For reference, first, the frame images in the first video are obtained according to the playing order, wherein the frame images are sorted according to the playing order. Then, the frame images are divided into at least one group on the basis of the original sorting, so that each frame image divided into one group is ensured to be always in a time period. In the grouping process, the background and the object corresponding to each frame image are respectively identified, for example, the background and the object corresponding to the continuous multi-frame image are kept unchanged, and the continuous multi-frame image is divided into one group.

For example, the first video includes two scene information, the first is that the first 5 seconds are on the playground, 5 children play football, the second is that the last 5 seconds are in the classroom, or the 5 children are in class, so that all the frame images in the first video are divided into two groups, all the frame images corresponding to the first scene are in one group, all the frame images corresponding to the second scene are in one group, and then the user can operate on all the frame images corresponding to any scene to replace a certain object in the scene.

Substep C2: at least one group of images in the first video are obtained based on the playing period information in the first video.

Wherein, a group of images corresponds to a playing period information.

In this embodiment, each frame image in the first video is divided into at least one group according to the playing period information corresponding to each frame image in the first video. For each group of images, the corresponding playing period information is the same for each frame image contained therein, i.e. corresponding to one playing period information.

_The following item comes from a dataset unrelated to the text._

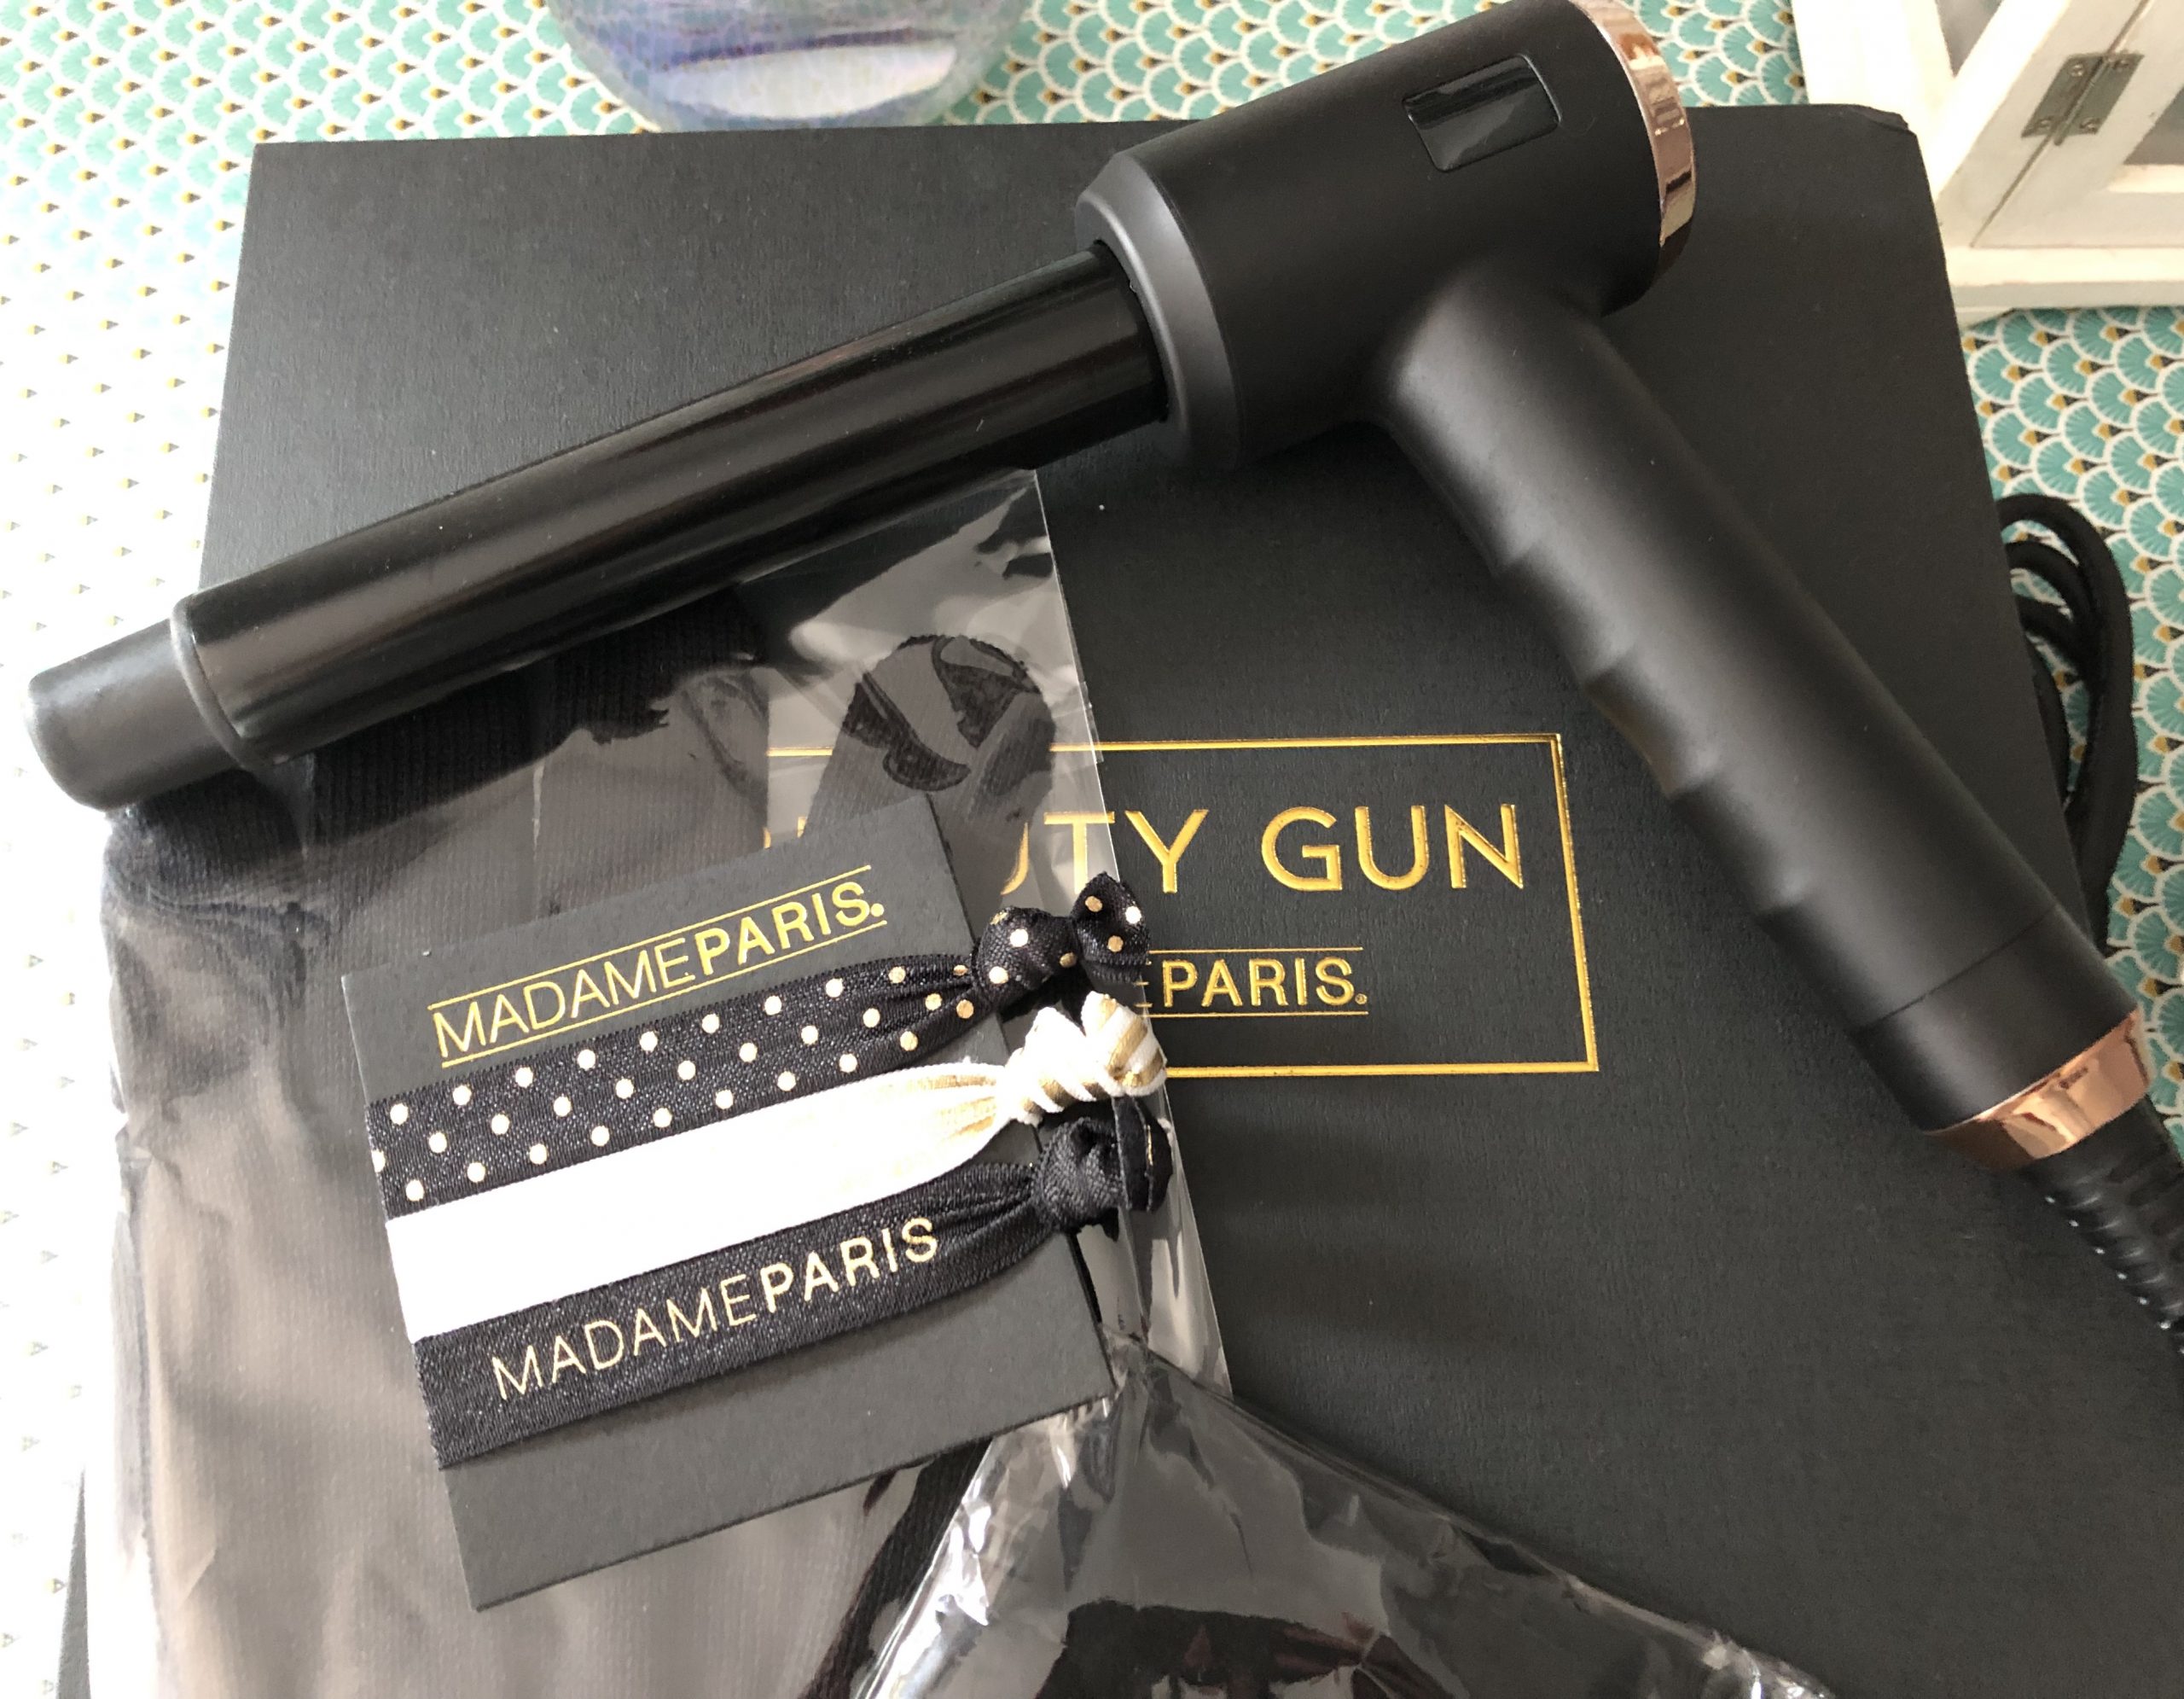  Nous avons testé pour vous le Beauty Gun – Madame Paris

For reference, first, the frame images in the first video are obtained according to the playing order, wherein the frame images are sorted according to the playing order. Then, the frame images are divided into at least one group based on the original sorting, so that each frame image divided into one group is ensured to be always in one time interval. Alternatively, in the grouping, at least one group may be divided by one period every 5 seconds. Specifically, the 5 seconds may be adjusted to other interval durations according to the playing duration of the first video.

For example, the playing time of the first video is 1 minute, all frame images in the first video are divided into 12 groups, that is, from 0 minute and 0 second of the first video, multiple frame images within every continuous 5 seconds are divided into one group, so that the user can perform a separate operation on all frame images within any 5 seconds to replace the second object in the frame images within the 5 seconds with the first object.

In the present embodiment, two schemes of dividing all frame images of the first video are provided. In an application scene, options corresponding to the two schemes can be provided for a user to select. Therefore, the user can select a proper scheme based on the production requirement of the cartoon so as to divide scenes in the cartoon and customize the cartoon roles at different time periods.

In the flow of the video processing method according to another embodiment of the present application, before step 140, the method further includes:

step D1: a third input of target feature information for a target object is received, the target object comprising either the first object or any object in the first video.

Step D2: in response to a third input, target feature information of the target object is adjusted.

The third input comprises touch input performed by a user on the screen, and is not limited to input of clicking, sliding, dragging and the like; the third input may also be a blank input, a gesture action, a face action, etc. of the user, and the third input further includes an input of a physical key on the device by the user, and is not limited to an input of a press, etc. Also, the third input includes one or more inputs, wherein the plurality of inputs may be continuous or intermittent.

The third input is for: and selecting target characteristic information aiming at the replaced first object in the first video or other objects in the first video.

The target characteristic information comprises at least one of face characteristic information, shape characteristic information and color characteristic information.

In one scenario, in the case that the replacement selection of the first object and the second object is completed, an interface as shown in fig. 14 is displayed, in which the first icon corresponds to the icon of the first object, so that the user clicks the icon to enter the interface shown in fig. 15. In the interface, a first object is displayed in the left area, a plurality of options such as 'color', 'shape dragging tool', 'emotion selection' and 'character selection' are displayed in the right area, and a user clicks any option to enter a setting interface corresponding to the option, so that the user can complete related setting of the first object by combining the setting options on the right side and the setting effect of the left area.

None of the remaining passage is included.